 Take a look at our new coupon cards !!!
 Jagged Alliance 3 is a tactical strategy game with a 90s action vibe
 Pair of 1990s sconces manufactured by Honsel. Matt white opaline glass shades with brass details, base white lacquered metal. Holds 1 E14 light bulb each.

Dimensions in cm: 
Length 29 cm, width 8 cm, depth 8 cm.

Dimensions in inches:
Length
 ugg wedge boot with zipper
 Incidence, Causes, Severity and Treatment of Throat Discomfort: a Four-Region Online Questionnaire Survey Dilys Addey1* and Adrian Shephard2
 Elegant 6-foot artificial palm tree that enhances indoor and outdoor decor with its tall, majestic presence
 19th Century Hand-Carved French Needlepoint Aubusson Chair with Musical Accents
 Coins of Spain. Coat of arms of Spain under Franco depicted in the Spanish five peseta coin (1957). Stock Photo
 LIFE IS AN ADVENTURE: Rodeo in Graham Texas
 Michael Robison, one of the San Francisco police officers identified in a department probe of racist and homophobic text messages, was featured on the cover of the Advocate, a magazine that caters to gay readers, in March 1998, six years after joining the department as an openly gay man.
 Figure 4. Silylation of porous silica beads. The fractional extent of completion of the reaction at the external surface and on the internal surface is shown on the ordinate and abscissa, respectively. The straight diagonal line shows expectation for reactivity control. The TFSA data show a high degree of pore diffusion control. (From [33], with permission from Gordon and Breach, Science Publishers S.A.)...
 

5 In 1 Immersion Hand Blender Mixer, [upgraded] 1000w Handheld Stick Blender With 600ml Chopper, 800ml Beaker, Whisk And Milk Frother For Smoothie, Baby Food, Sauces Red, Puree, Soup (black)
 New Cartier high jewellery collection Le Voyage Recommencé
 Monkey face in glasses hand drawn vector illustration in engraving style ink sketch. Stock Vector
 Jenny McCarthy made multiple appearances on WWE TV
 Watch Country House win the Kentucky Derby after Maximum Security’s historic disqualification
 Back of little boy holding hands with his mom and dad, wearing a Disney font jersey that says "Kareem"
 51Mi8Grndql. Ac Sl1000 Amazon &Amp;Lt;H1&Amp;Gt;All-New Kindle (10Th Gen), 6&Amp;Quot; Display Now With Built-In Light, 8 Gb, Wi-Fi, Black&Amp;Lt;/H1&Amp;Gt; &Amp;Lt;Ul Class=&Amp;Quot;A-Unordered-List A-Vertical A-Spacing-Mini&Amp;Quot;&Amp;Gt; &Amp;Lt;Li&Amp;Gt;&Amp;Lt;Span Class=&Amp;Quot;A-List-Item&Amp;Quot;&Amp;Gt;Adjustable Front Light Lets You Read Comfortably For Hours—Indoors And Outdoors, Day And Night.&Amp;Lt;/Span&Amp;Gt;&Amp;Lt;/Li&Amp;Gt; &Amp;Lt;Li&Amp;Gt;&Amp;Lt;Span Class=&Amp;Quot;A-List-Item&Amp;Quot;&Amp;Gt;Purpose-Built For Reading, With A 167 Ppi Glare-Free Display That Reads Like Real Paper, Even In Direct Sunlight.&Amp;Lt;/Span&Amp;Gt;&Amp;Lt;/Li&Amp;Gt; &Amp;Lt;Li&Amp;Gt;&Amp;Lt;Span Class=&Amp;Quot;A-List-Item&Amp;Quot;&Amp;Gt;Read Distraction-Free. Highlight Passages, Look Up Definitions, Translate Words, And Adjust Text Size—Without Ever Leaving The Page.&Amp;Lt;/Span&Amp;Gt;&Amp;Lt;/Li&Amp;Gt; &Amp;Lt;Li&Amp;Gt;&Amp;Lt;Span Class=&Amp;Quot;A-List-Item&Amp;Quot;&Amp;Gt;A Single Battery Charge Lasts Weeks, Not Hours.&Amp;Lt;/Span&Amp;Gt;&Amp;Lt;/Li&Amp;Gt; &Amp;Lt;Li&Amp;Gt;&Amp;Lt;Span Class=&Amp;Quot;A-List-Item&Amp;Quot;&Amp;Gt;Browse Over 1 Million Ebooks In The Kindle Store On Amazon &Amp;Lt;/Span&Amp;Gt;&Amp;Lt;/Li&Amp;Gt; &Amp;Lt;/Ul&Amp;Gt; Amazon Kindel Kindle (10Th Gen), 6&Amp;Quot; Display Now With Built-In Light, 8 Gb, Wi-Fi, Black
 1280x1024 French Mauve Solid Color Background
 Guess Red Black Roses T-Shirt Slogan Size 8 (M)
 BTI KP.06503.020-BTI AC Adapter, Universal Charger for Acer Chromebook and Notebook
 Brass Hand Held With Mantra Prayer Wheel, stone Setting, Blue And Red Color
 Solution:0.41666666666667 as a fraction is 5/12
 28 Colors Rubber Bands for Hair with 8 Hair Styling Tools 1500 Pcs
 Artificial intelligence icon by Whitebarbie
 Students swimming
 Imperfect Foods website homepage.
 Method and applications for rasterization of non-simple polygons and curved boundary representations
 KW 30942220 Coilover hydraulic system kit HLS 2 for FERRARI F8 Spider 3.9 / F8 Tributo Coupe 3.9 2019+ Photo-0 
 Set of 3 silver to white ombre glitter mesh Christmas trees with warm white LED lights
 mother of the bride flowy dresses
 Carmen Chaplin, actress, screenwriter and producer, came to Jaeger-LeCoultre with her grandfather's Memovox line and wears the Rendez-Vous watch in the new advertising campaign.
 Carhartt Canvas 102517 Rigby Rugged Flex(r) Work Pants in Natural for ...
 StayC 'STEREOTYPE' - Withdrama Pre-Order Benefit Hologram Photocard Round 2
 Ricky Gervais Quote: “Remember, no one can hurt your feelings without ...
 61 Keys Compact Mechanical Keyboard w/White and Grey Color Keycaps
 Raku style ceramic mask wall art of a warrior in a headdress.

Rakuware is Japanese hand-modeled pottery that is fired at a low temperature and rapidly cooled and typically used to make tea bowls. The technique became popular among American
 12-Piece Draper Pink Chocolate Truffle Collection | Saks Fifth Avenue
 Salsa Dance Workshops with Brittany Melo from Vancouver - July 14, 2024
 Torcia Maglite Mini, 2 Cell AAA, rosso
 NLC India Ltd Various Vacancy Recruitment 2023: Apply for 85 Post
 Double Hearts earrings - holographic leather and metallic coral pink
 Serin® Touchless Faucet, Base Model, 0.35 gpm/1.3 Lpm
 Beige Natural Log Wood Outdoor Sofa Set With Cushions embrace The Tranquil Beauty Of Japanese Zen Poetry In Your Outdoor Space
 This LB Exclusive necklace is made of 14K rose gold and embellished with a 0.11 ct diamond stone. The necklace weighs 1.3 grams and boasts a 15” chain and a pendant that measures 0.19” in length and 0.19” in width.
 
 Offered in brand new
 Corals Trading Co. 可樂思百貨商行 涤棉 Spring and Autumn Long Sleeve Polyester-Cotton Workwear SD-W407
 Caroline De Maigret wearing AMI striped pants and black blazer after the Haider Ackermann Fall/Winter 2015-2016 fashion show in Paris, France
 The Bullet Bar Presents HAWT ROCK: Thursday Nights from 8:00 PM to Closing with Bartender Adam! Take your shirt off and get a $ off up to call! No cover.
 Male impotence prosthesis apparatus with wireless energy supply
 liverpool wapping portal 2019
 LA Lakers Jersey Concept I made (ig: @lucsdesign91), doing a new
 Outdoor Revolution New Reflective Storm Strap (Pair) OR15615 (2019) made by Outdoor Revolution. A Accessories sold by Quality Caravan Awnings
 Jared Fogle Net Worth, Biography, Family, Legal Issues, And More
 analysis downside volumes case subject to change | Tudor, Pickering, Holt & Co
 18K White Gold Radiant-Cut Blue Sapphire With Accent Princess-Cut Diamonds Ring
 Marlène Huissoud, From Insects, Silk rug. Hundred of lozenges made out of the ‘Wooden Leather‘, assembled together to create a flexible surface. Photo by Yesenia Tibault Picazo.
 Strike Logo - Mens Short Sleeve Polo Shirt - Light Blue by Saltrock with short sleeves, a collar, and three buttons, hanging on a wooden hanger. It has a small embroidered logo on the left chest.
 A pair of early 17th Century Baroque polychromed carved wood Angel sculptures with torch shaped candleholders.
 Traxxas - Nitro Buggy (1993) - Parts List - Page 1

= = = =

Your task
From the records above, retype only the lines starting at the line that contains "mother of the bride flowy dresses" and ending at the line that contains "12-Piece Draper Pink", both included.

Task solution
 mother of the bride flowy dresses
 Carmen Chaplin, actress, screenwriter and producer, came to Jaeger-LeCoultre with her grandfather's Memovox line and wears the Rendez-Vous watch in the new advertising campaign.
 Carhartt Canvas 102517 Rigby Rugged Flex(r) Work Pants in Natural for ...
 StayC 'STEREOTYPE' - Withdrama Pre-Order Benefit Hologram Photocard Round 2
 Ricky Gervais Quote: “Remember, no one can hurt your feelings without ...
 61 Keys Compact Mechanical Keyboard w/White and Grey Color Keycaps
 Raku style ceramic mask wall art of a warrior in a headdress.

Rakuware is Japanese hand-modeled pottery that is fired at a low temperature and rapidly cooled and typically used to make tea bowls. The technique became popular among American
 12-Piece Draper Pink Chocolate Truffle Collection | Saks Fifth Avenue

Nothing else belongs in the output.